L’istanza per il riconoscimento del contributo a fondo perduto perequativo:

  • dovrà essere trasmessa entro e non oltre il 28.12.2021.
  • deve essere presentata in modalità elettronica e trasmessa mediante i canali telematici dell’Agenzia dell’Entrate ovvero mediante il servizio web disponibile nell’area riservata del portale “Fatture e Corrispettivi;
  • può essere trasmessa direttamente dal richiedente o tramite un intermediario delegato. La delega all’intermediario può essere conferita anche per la sola trasmissione.

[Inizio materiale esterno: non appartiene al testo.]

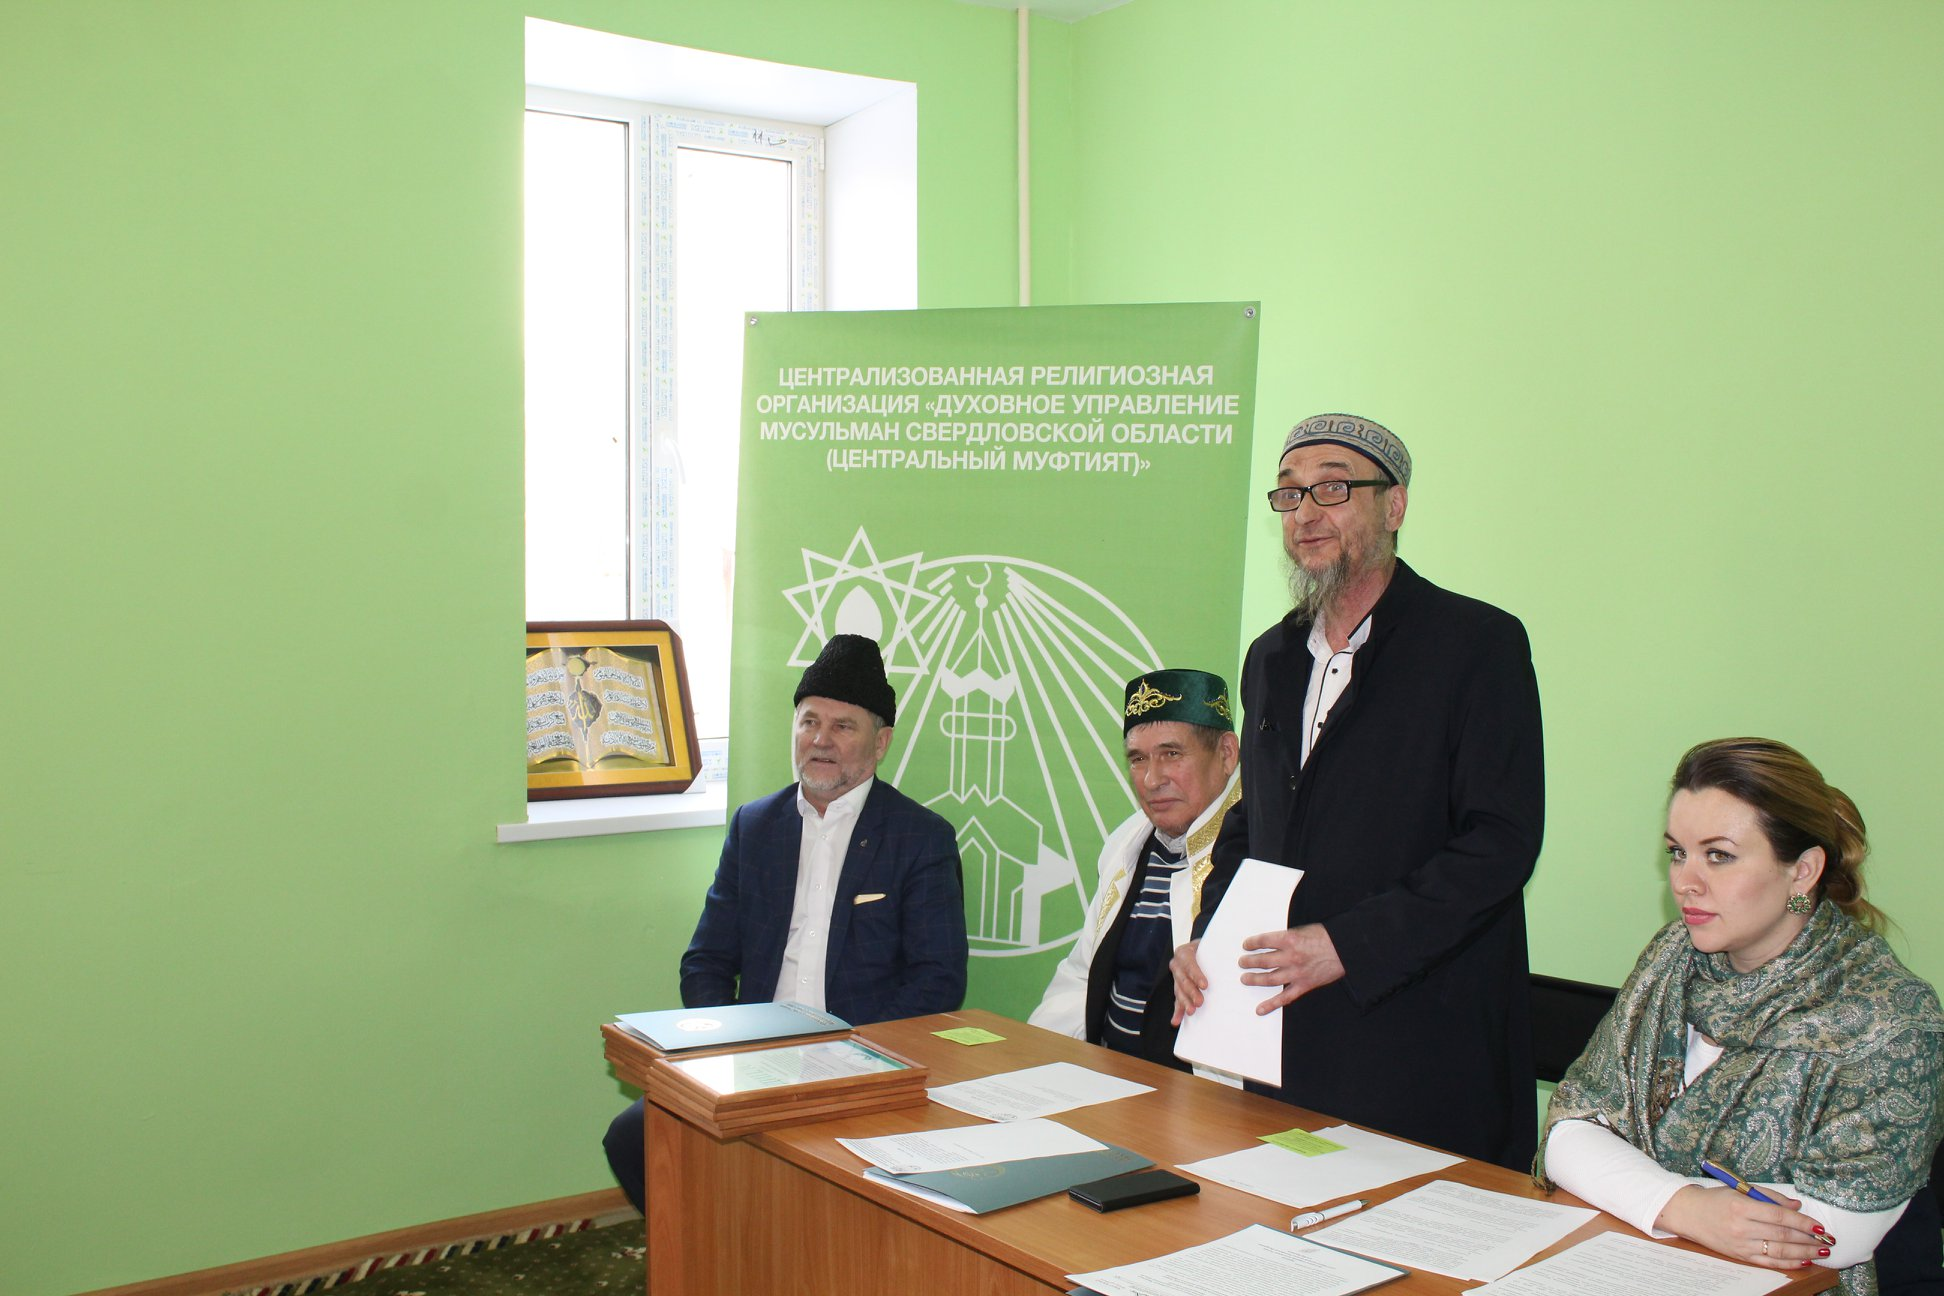 Абдуль-Куддусс Николай Иванович Ашарин отчитался за прошедший срок
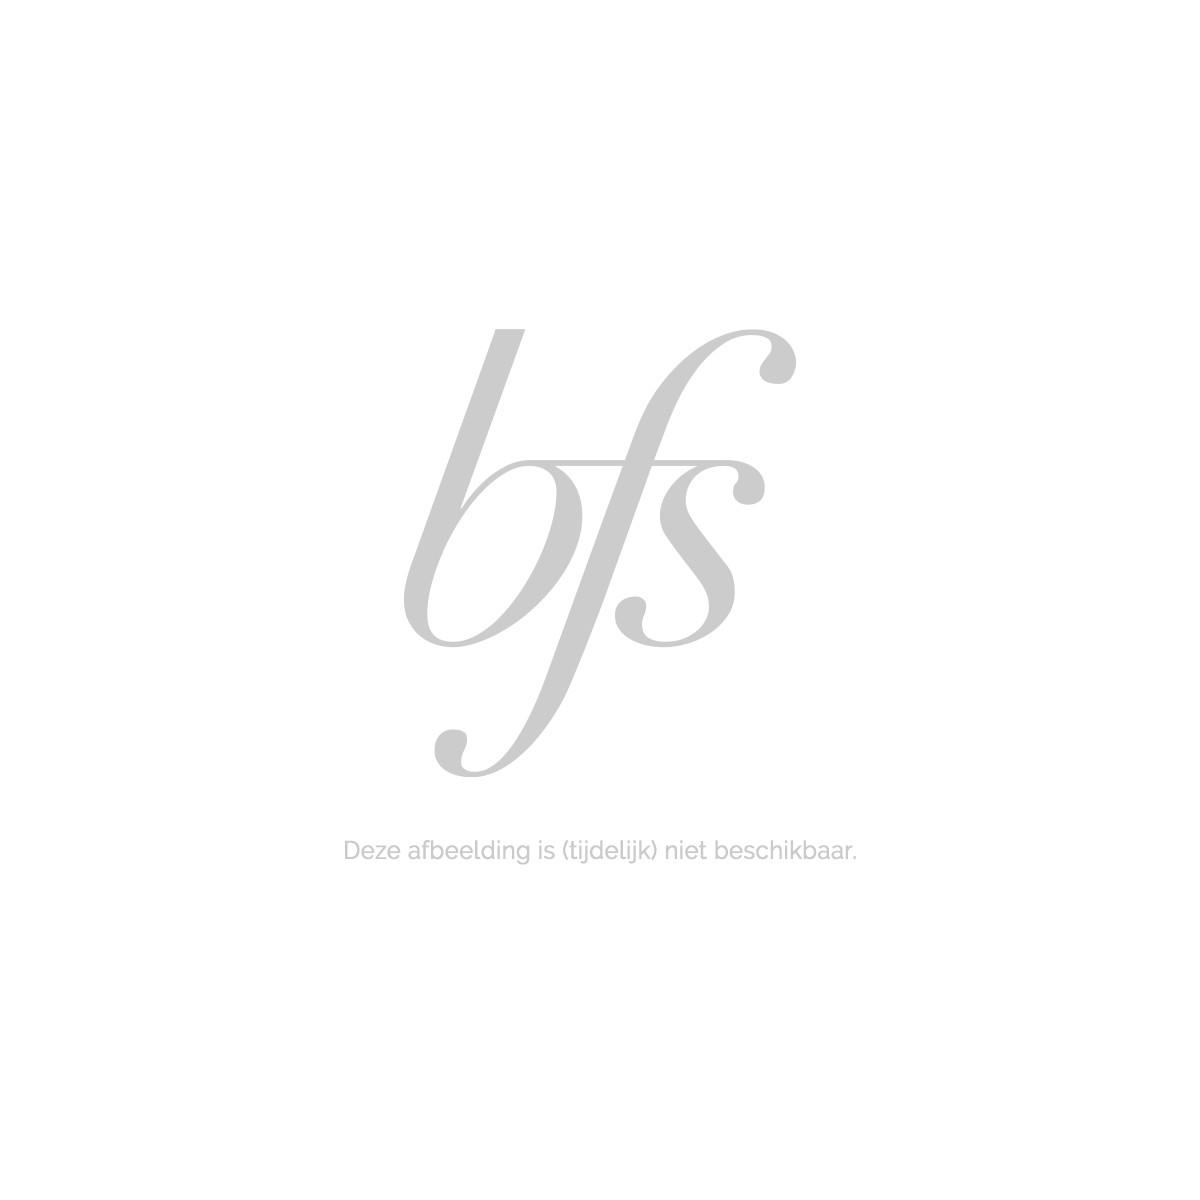 Yves Saint Laurent Mascara Volume Effet Faux Cils Babydoll 5 Ml ... fb4824de2ba

Il contributo perequativo è un aiuto di Stato, classificabile nella Sezione 3.1 o 3.12 del “Quadro temporaneo per le misure di aiuto di Stato a sostegno dell’economia nell’attuale emergenza COVID-19”. Per tale ragione, il richiedente è tenuto a rilasciare in sede di presentazione dell’istanza una dichiarazione sostitutiva di atto notorio ai fini della verifica del rispetto dei massimali previsti alla Sez.3.1 e 3.12.

Si ricorda che, la percezione del contributo, in tutto o in parte non spettante, è sanzionato dall’Agenzia delle Entrate ai sensi dell’art. 13 comma 5 D.Lgs. 471/97; in caso di indebita percezione, troveranno altresì applicazione gli artt. 316-ter e 322-ter del codice penale.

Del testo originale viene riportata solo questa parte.